According to my research, the most common WPA/WPA2 WiFi attack requires a chipse
ID: 656958 • Letter: A
Question
According to my research, the most common WPA/WPA2 WiFi attack requires a chipset capable of packet injection.
However I am not sure what this is, and what purpose it serves once you have the capability to inject packets.
I thought that all WiFi chipsets could send/receive data, and assumed packet injection would come under the sending protocol(whatever that may be) - but I must be missing something as only certain cards can apparently inject packets.

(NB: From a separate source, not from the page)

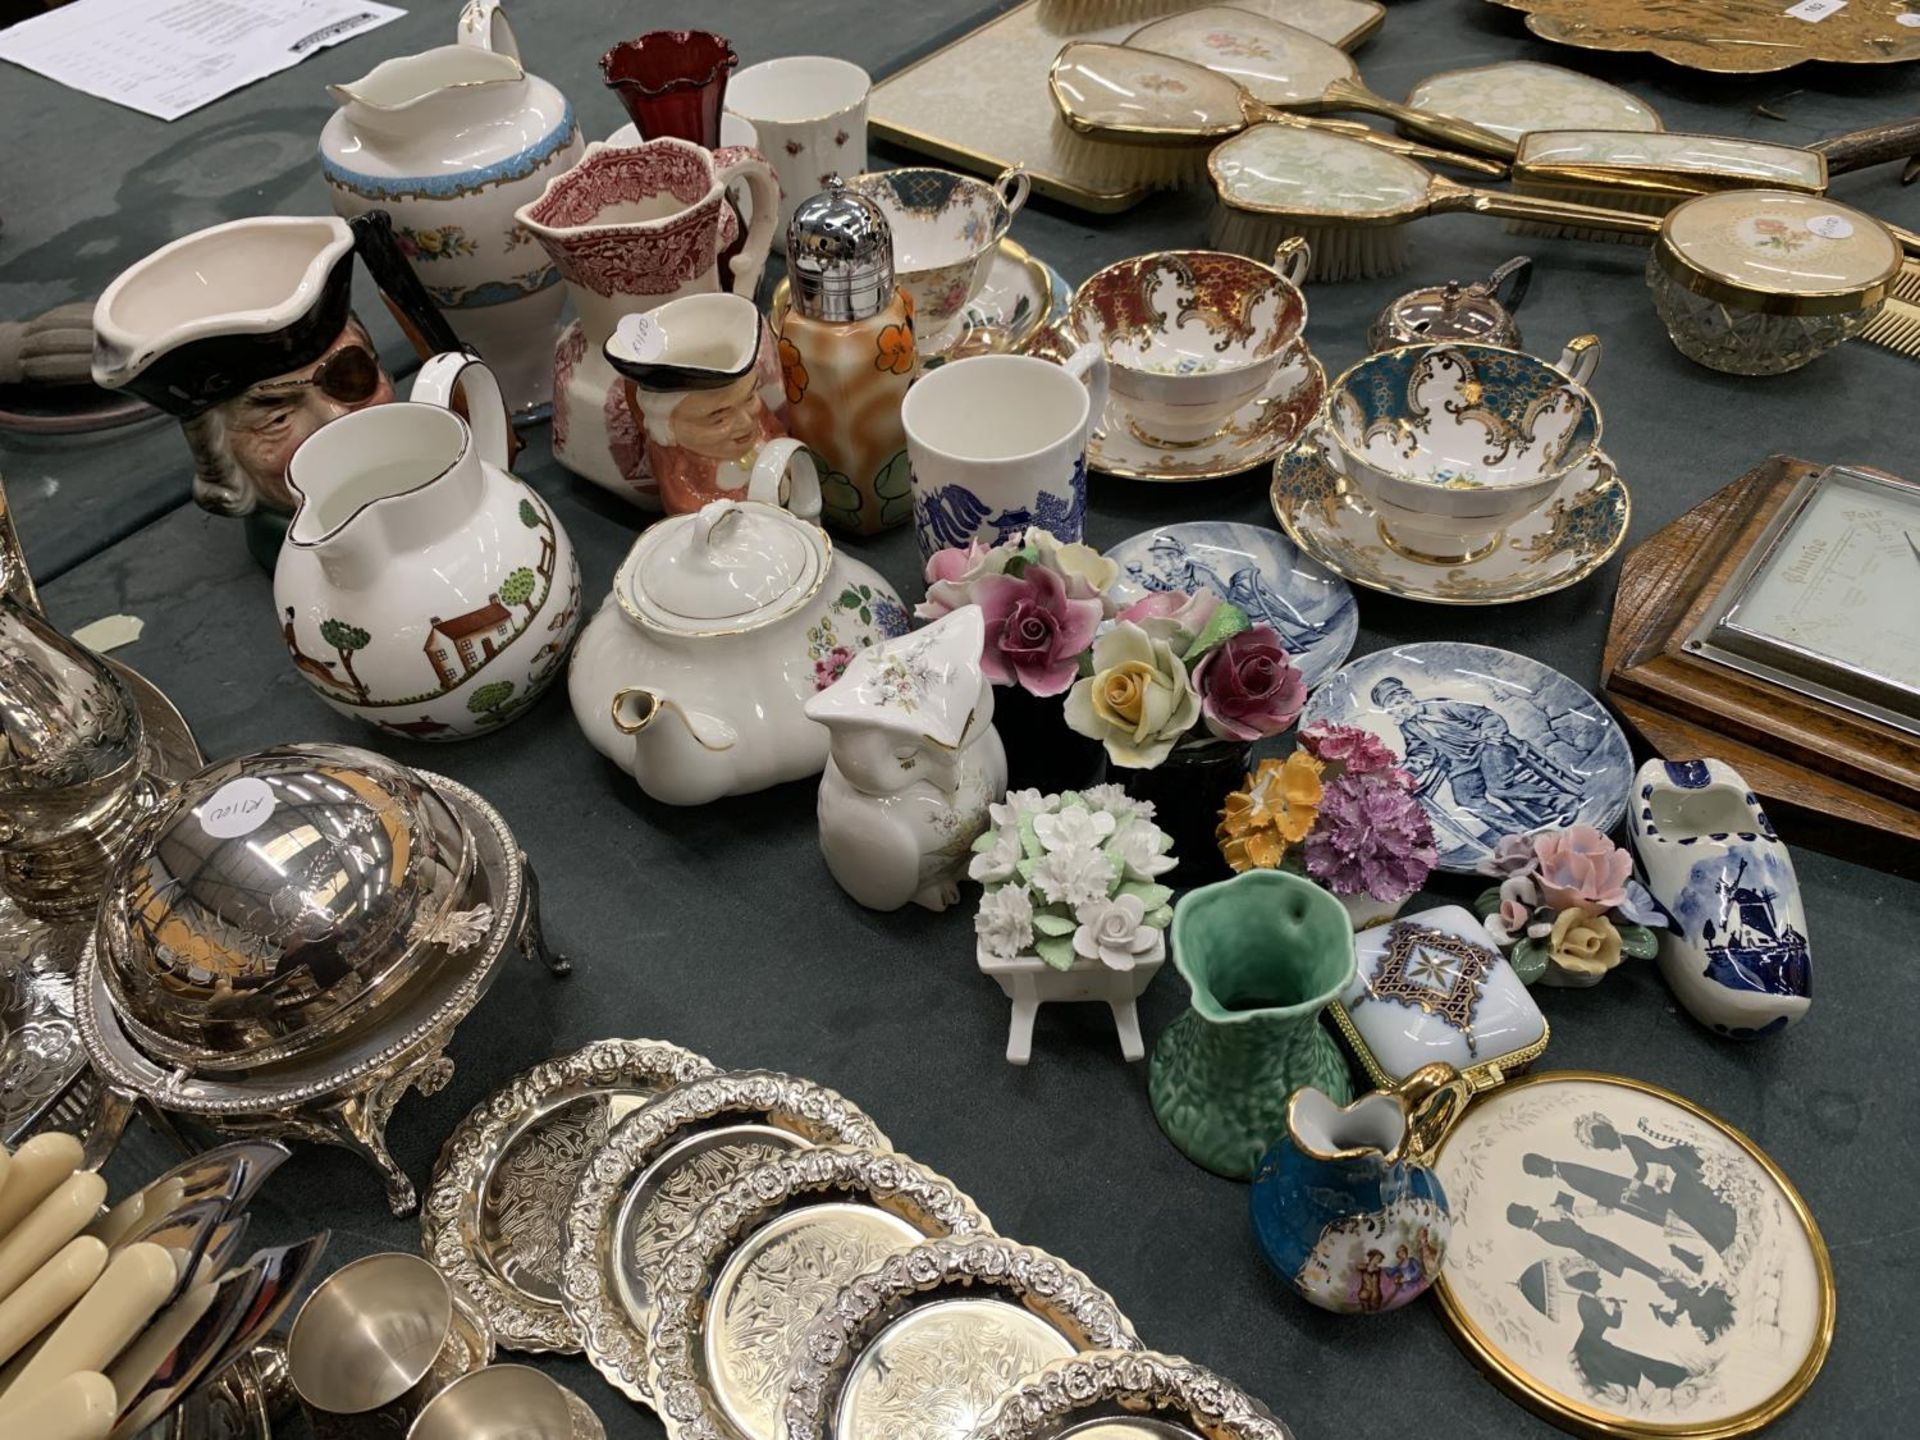 A LARGE QUANTITY OF CERAMIC AND CHINA TO INCLUDE PARAGON CUPS AND SAUCERS, FLORAL POSIES, CROWN - Image 5 of 8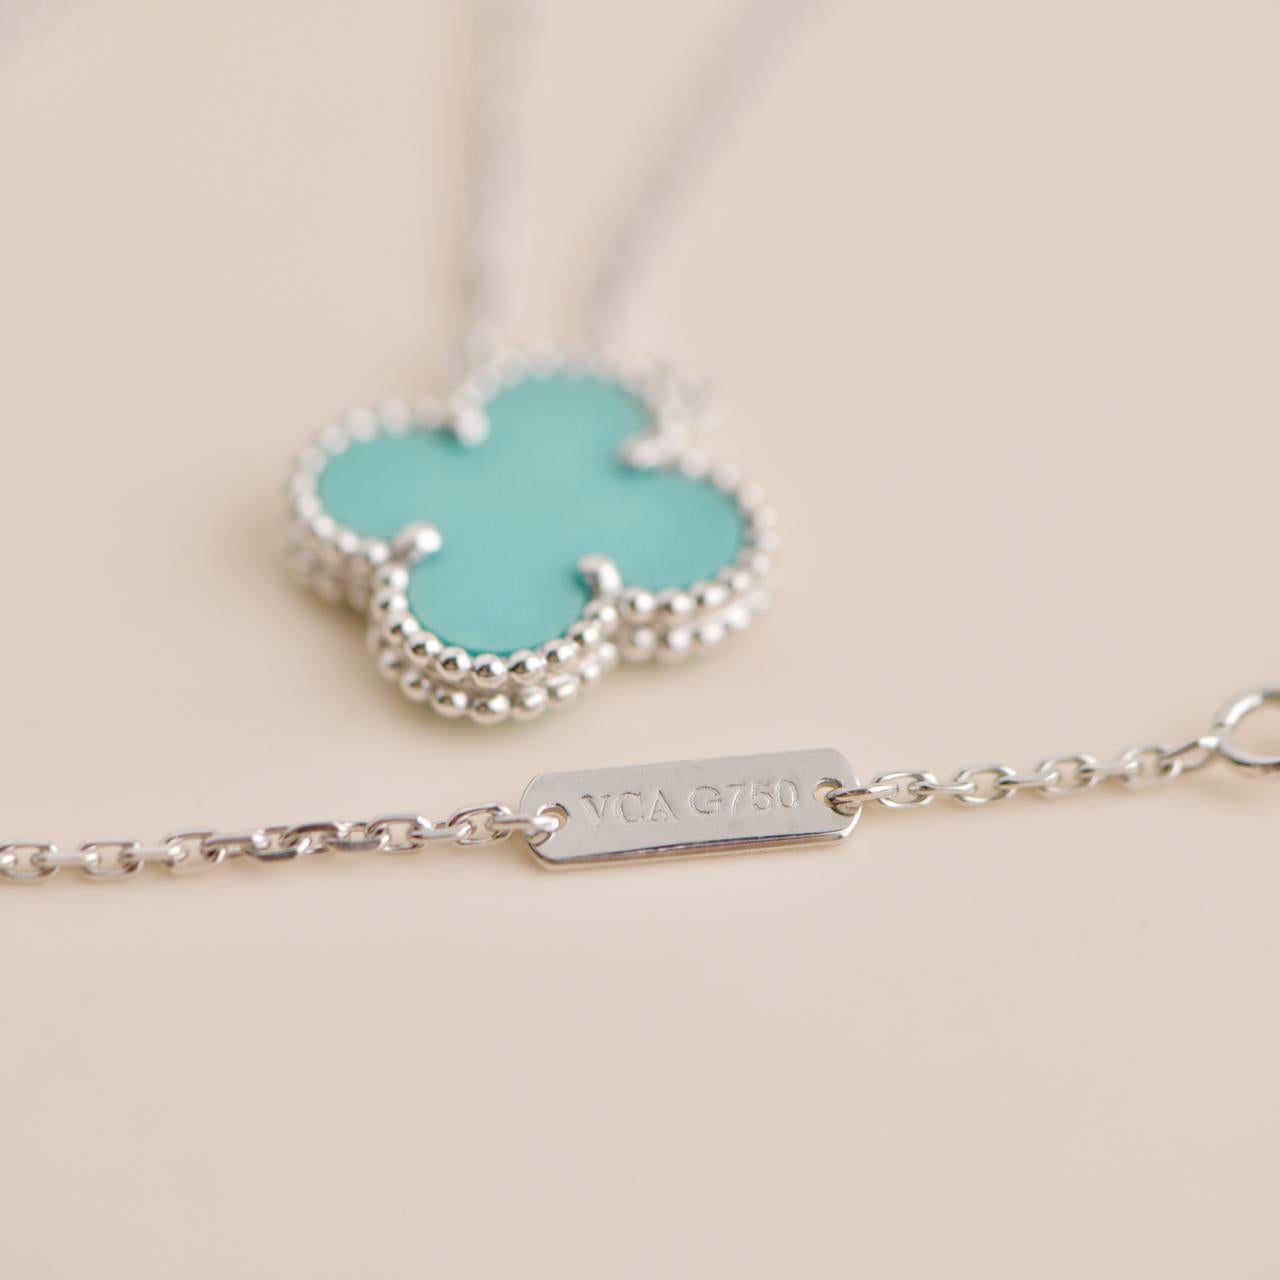 Van Cleef & Arpels Vintage Alhambra White Gold Turquoise Pendant Necklace In Excellent Condition For Sale In Banbury, GB

What is the need and purpose of packet injection within WiFi attacks?
Explanation / Answer
Hardware-wise all cards can send and receive radio packets on Wi-Fi frequencies.
The problem is that the cards have a firmware that controls all the low-level stuff, like frequency-hopping, etc... for example when your computer requests to scan all available networks it doesn't manually tune the card to each frequency, listen on it and repeats the process for each channel; instead it just tells the card to scan and the firmware takes care of the rest.
Some cards have a more permissive firmware (Atheros is probably the best one in this case) that allows to transmit (injection) and listen (monitor) without being associated (connected and authenticated) to a network beforehand, whereas others won't allow you to do such things until you connect to the network you're attacking, which is of course impossible because you don't yet have the key.